[Work task]
Starting at the line below with "Nicholas - Robe" and stopping at the line with "2011_KirieInJapan_back.jpg", please print each line exactly, those two included, and skip every picture.

═══ Exercise materials ═══

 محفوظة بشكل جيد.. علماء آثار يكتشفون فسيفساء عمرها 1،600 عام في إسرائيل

═══
═══ Exercise materials ═══

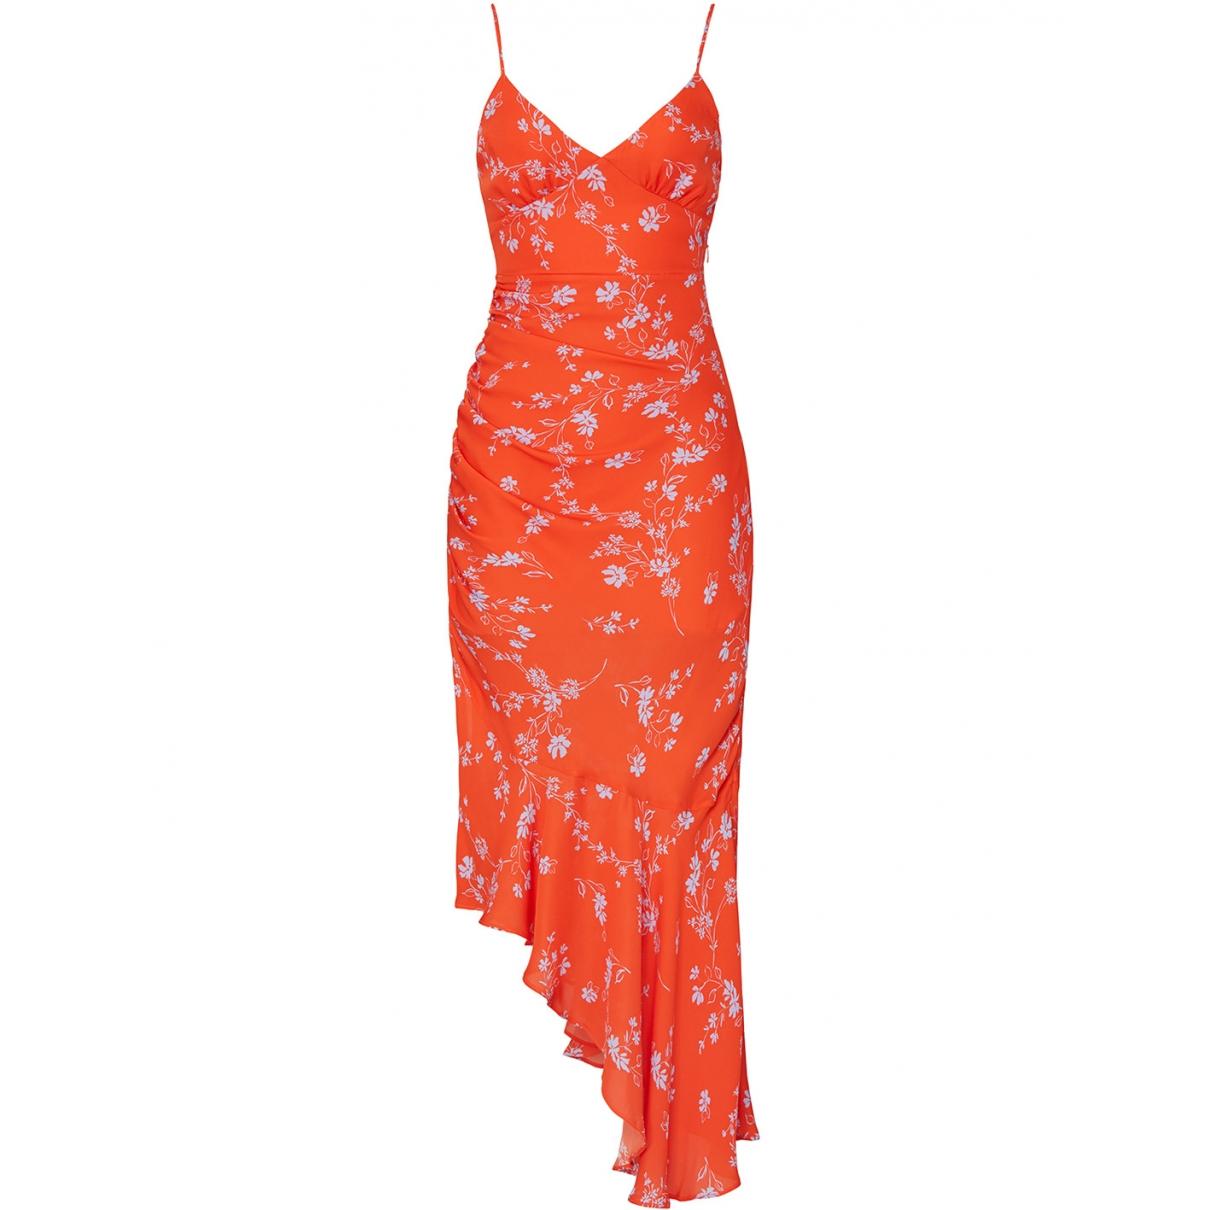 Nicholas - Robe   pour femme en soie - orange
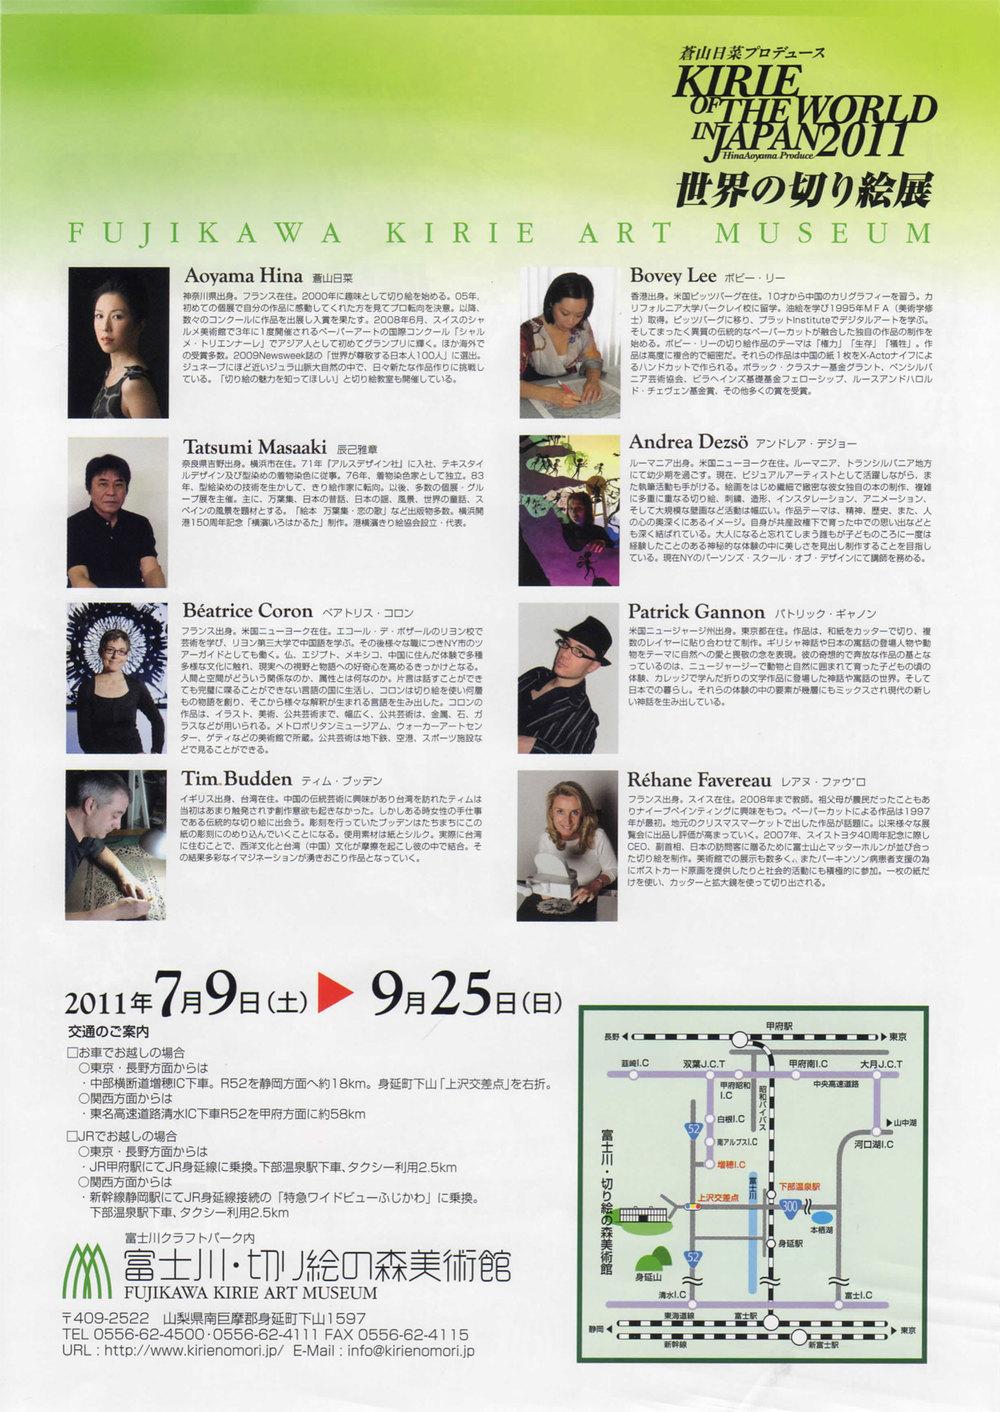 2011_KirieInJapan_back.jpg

═══

[Solution for this problem]
 Nicholas - Robe   pour femme en soie - orange
 2011_KirieInJapan_back.jpg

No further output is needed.